Restraint in Fluid Resuscitation for Seriously Ill Patients

NEJM Journal Watch

Patricia Kritek, MD

In two trials, restrictive fluid resuscitation was adequate and even preferable to more-aggressive resuscitation.

Resuscitation is a central part of the care of many critically ill patients, including those with septic shock and severe pancreatitis. For years, emphasis was placed on rapid administration of large volumes of fluid to ensure tissue perfusion in these patients. More recently, we have become more nuanced about how much fluid is “enough,” as complications of aggressive resuscitation (e.g., pulmonary edema, anasarca) have been noted. In 2022, two new studies added to that knowledge.

Spanish investigators randomized 249 patients with acute pancreatitis to either aggressive or moderate fluid resuscitation with lactated Ringer’s solution. They excluded patients who presented with “moderately severe or severe” pancreatitis — for example, those with shock or organ failure. The aggressive and moderate fluid protocols translated to median volumes of 7.8 L versus 5.5 L in the first 48 hours. The trial was stopped early, because 20% of the aggressively resuscitated patients developed fluid overload (compared with 6% of the moderate group). The two groups developed severe pancreatitis with similar frequency (≈20%; NEJM JW Gen Med Oct 15 2022 and N Engl J Med 2022; 387:989).

With the same concern for harm from too much fluid, European investigators randomized 1500 patients with septic shock to either restrictive or standard fluid resuscitation. Median fluid administered in the intensive care unit (ICU; after at least 1 L of intravenous fluid prior to randomization) was 1.8 L versus 3.8 L, and no difference was noted in 90-day mortality or adverse events (NEJM JW Gen Med Aug 15 2022 and N Engl J Med 2022; 386:2459). At first glance, this result suggests no advantage to restricting fluid. However, the 2-L difference during an ICU stay isn’t very much, suggesting that “usual care” here also was relatively restrictive.

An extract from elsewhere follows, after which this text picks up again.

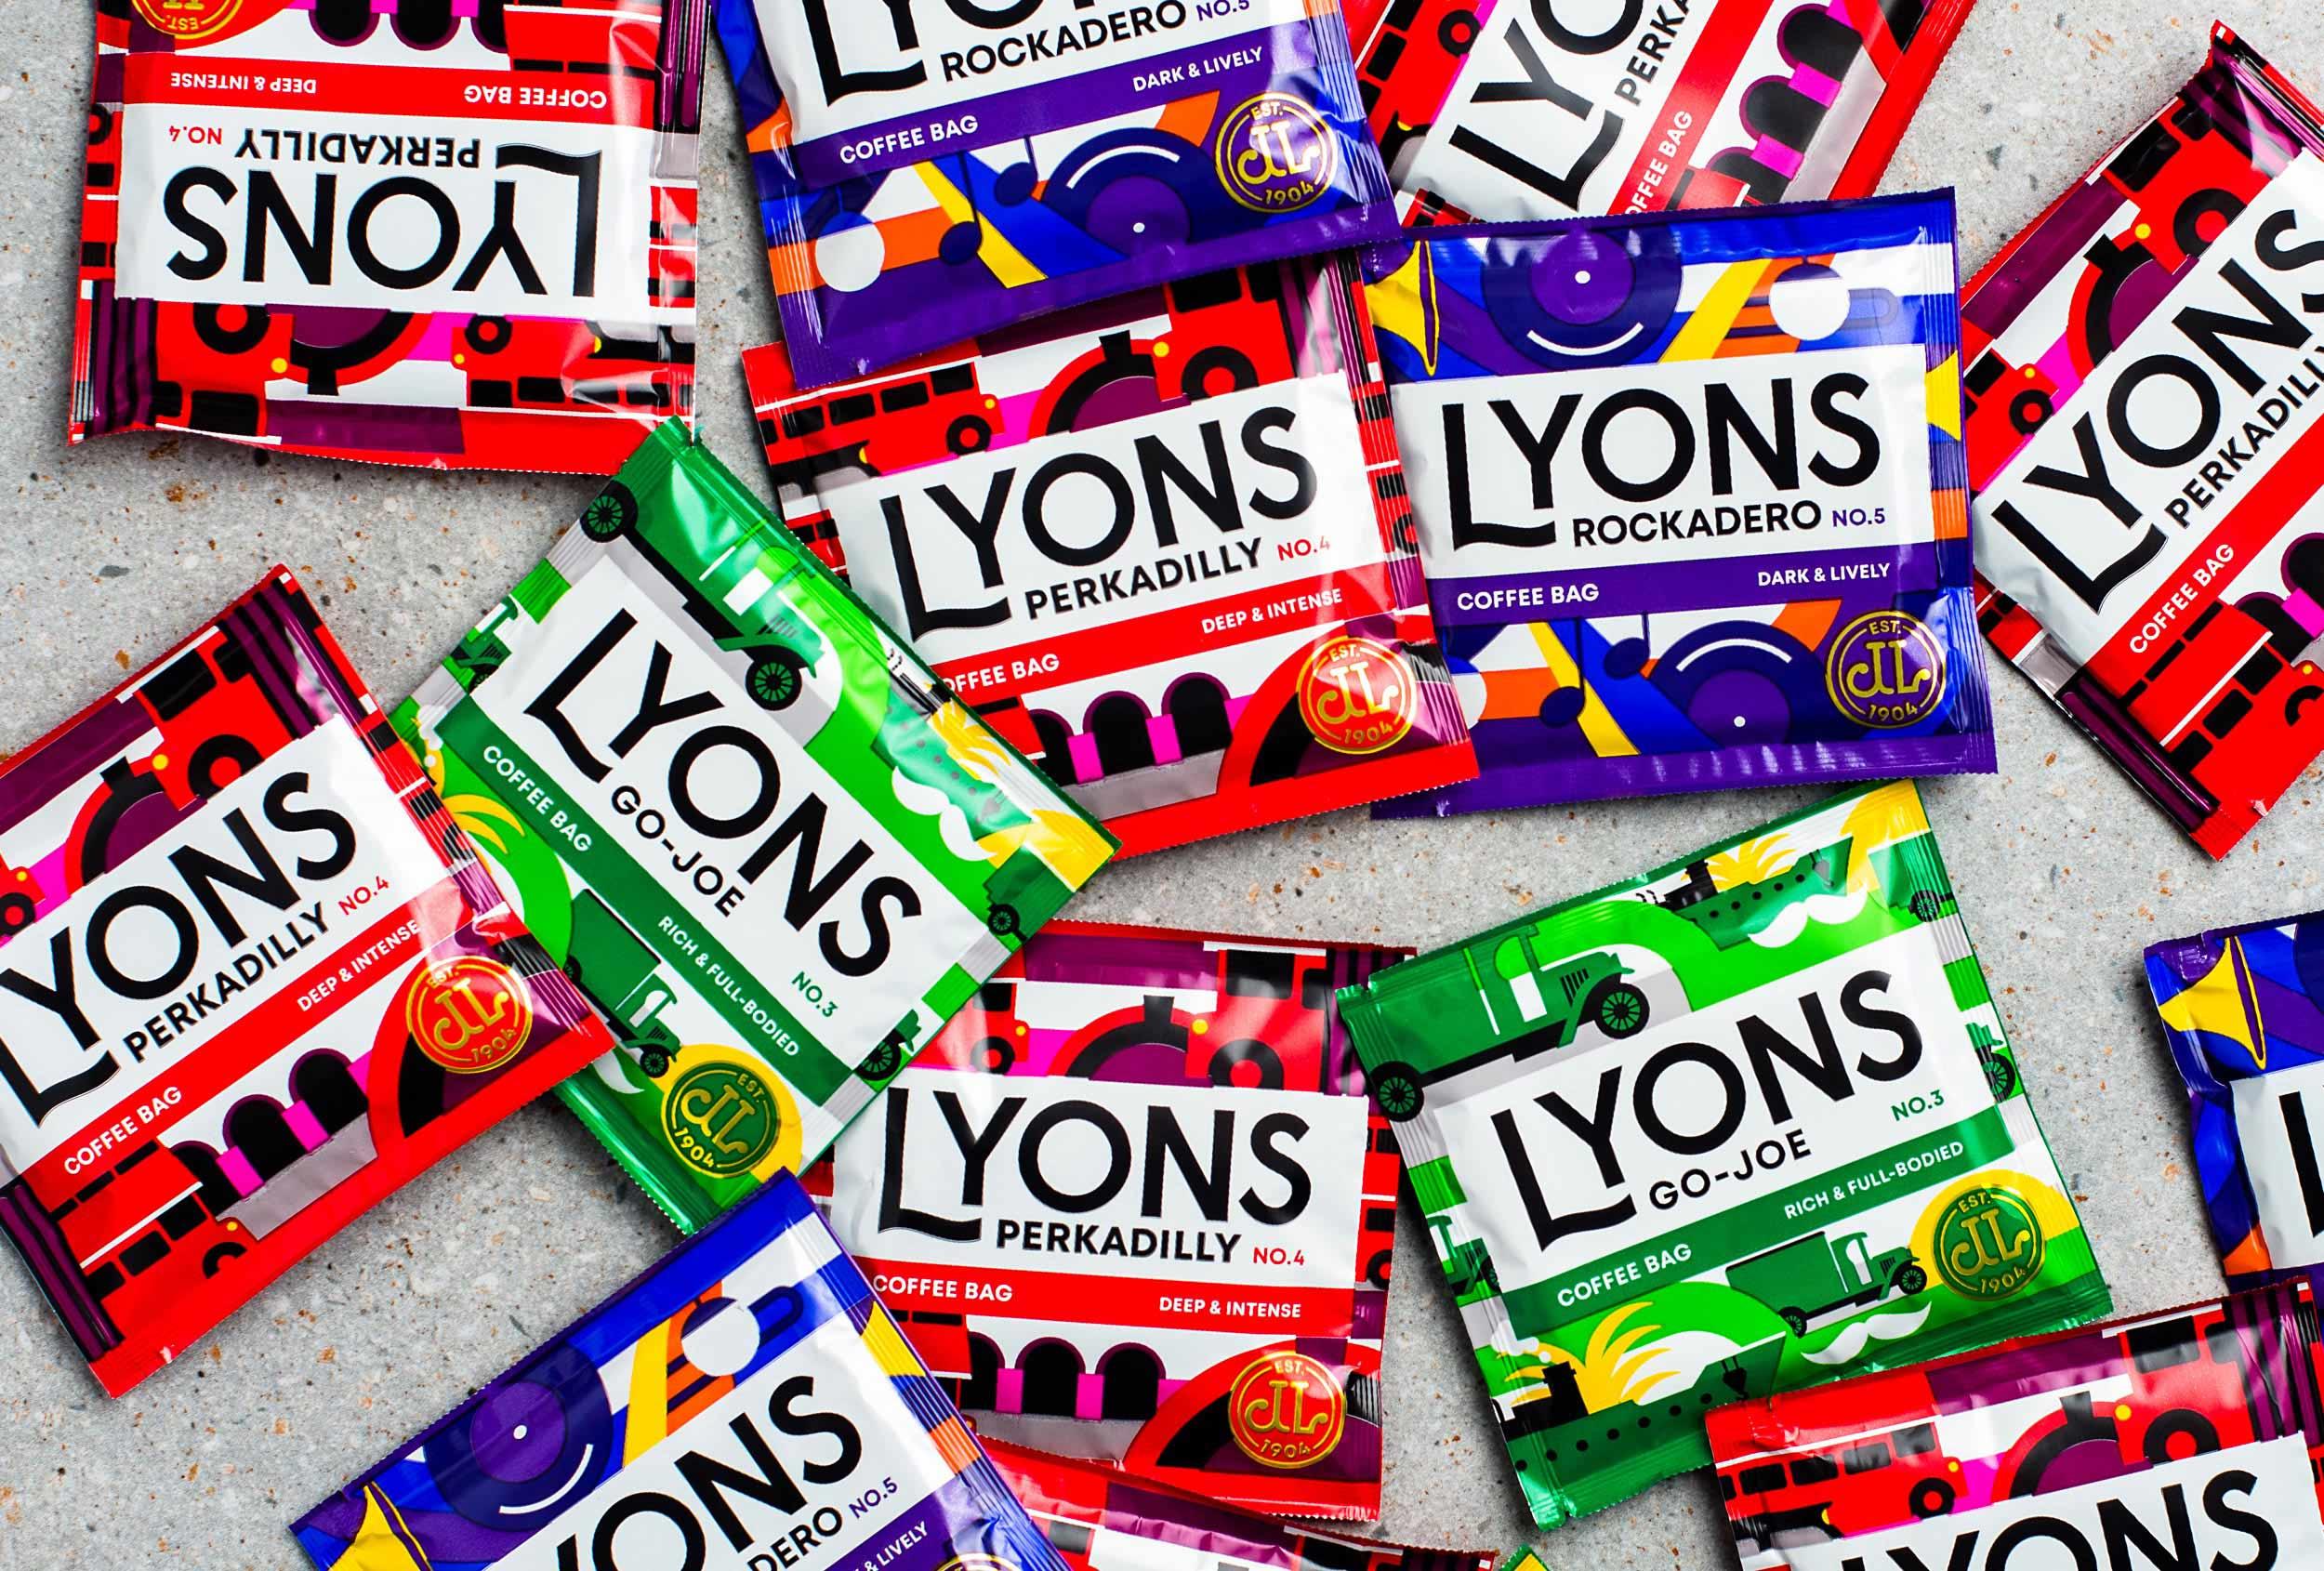 Lyons coffee bags - branding by Distil Studio.

Early fluid resuscitation still is an essential part of the care of patients with sepsis and pancreatitis. That being said, we have a growing body of literature that shows harm when we administer massive amounts of fluid, compared with more cautious volume repletion. Fluid resuscitation should be tailored to the specific patient, and defaulting to a more conservative approach after an initial bolus makes sense.